Get a single job by ID, including provider and timing details.

bash
curl https://api.roset.dev/v1/jobs/job-456 \
  -H "Authorization: ApiKey rsk_..."

Response 200:

json
{
  "id": "job-456",
  "file_id": "abc-123",
  "space": "default",
  "status": "completed",
  "provider": "reducto",
  "created_at": "2025-01-15 10:30:00",
  "completed_at": "2025-01-15 10:31:00"
}

POST /v1/jobs/:id/cancel

Cancel a job that is queued or processing.

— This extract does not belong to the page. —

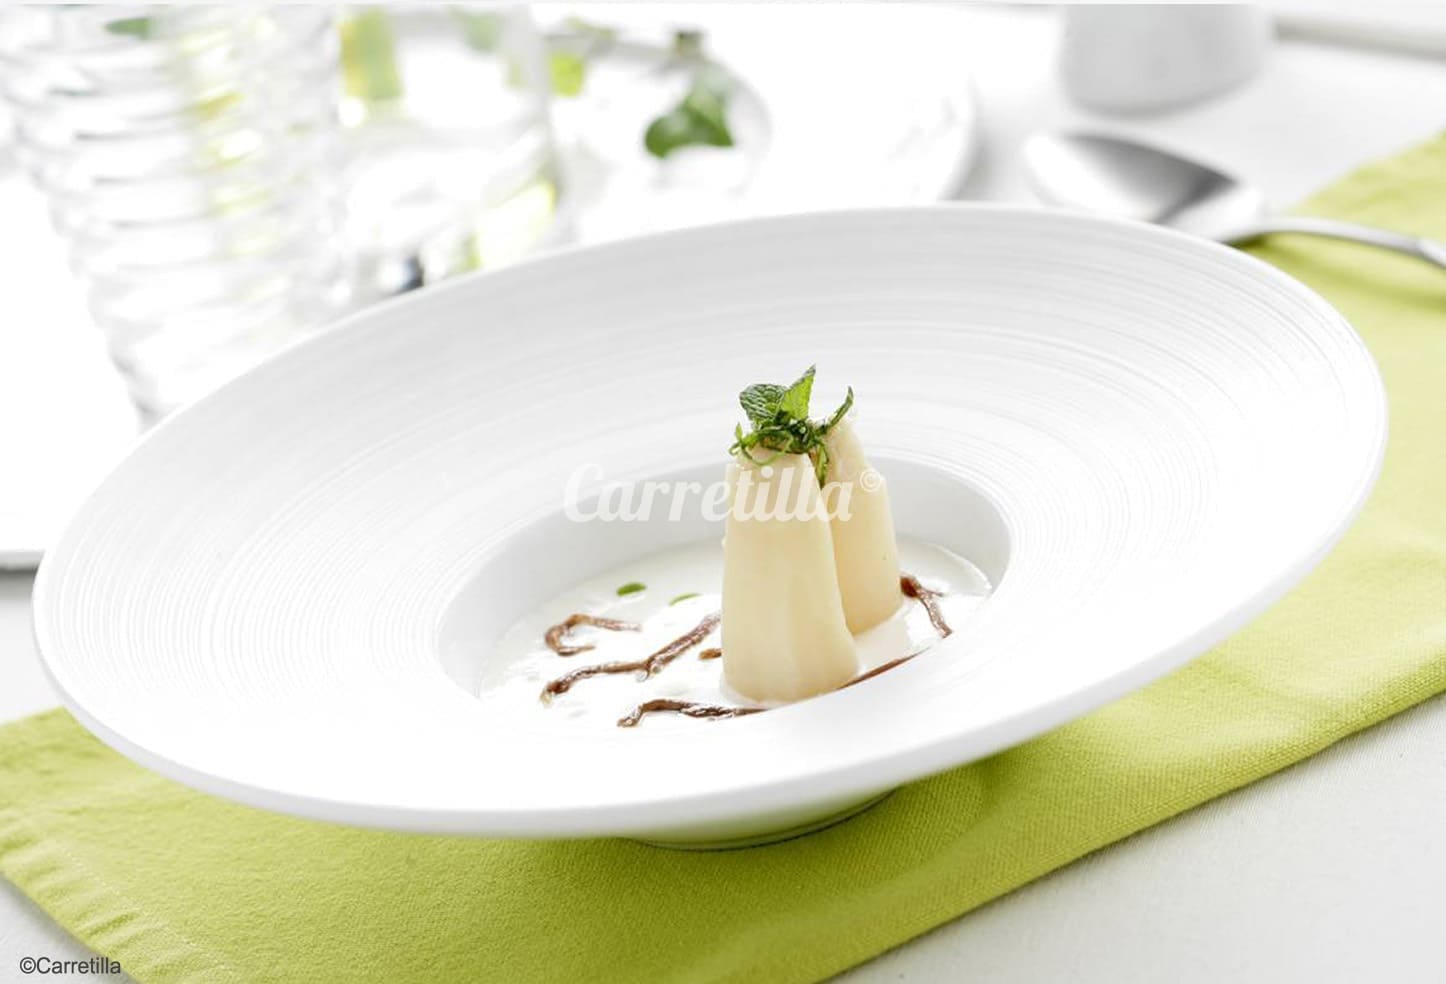 Premium Asparagus Tips
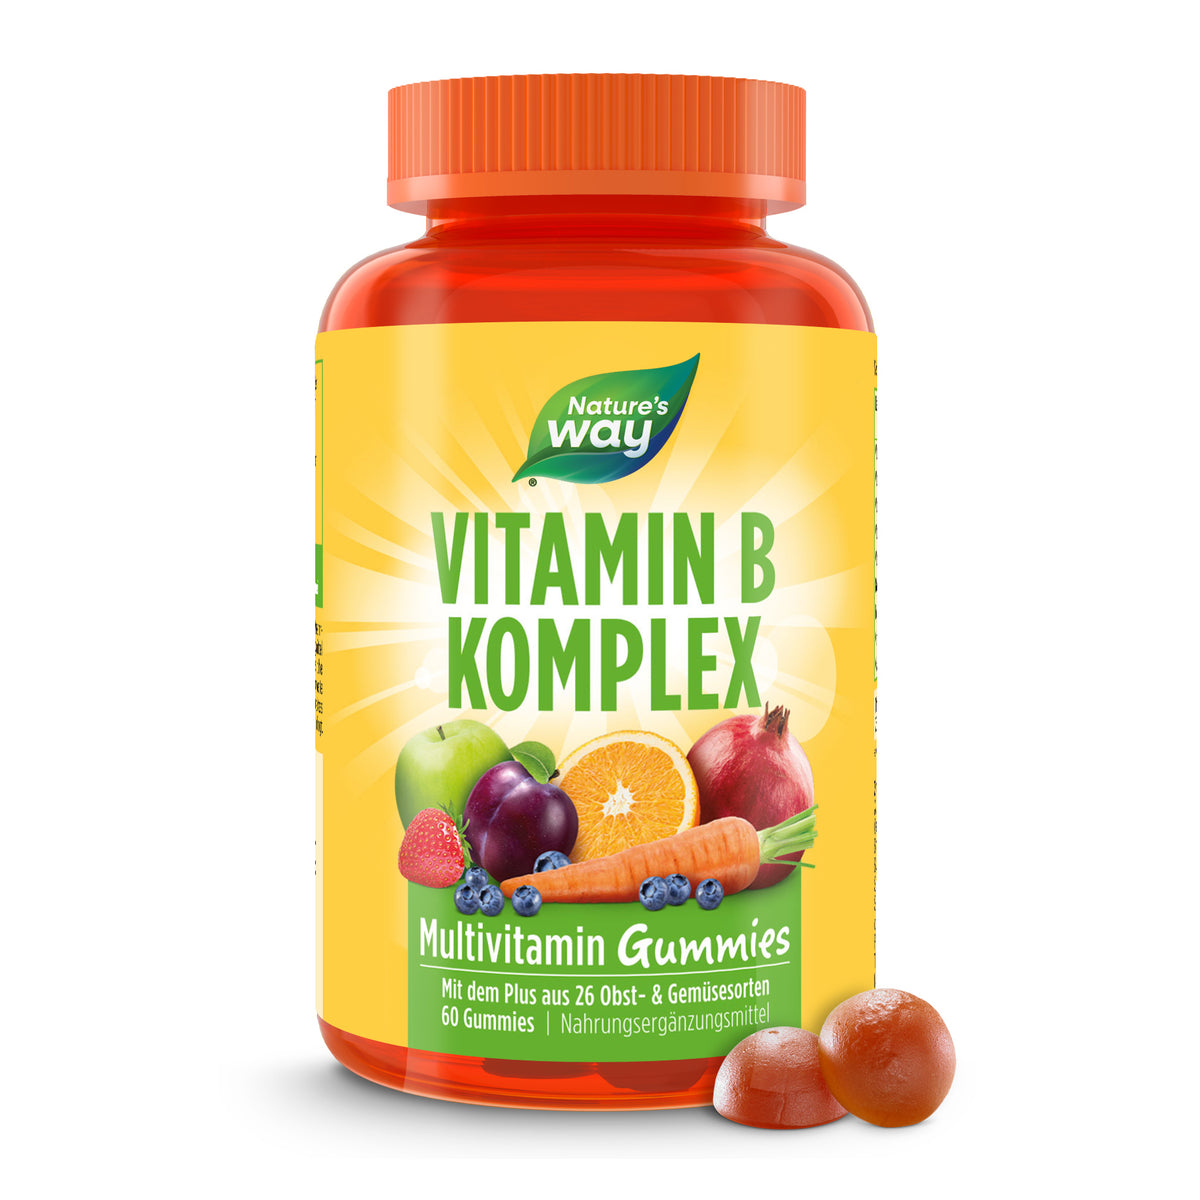 Vitamin B Komplex Multivitamin Gummies

Already-completed jobs cannot be cancelled.

bash
curl -X POST https://api.roset.dev/v1/jobs/job-456/cancel \
  -H "Authorization: ApiKey rsk_..."

Response 200:

json
{ "id": "job-456", "status": "cancelled" }

POST /v1/jobs/:id/retry

Retry a failed job. Resets the status to queued and re-enters the processing pipeline.

bash
curl -X POST https://api.roset.dev/v1/jobs/job-456/retry \
  -H "Authorization: ApiKey rsk_..."

Response 200:

json
{ "id": "job-456", "status": "queued" }

Variants

Variants are extraction outputs linked to a parent file. When Roset processes a file, the extraction provider produces one or more variants -- typically markdown from the document content, and optionally vector embeddings if an OpenAI key is configured.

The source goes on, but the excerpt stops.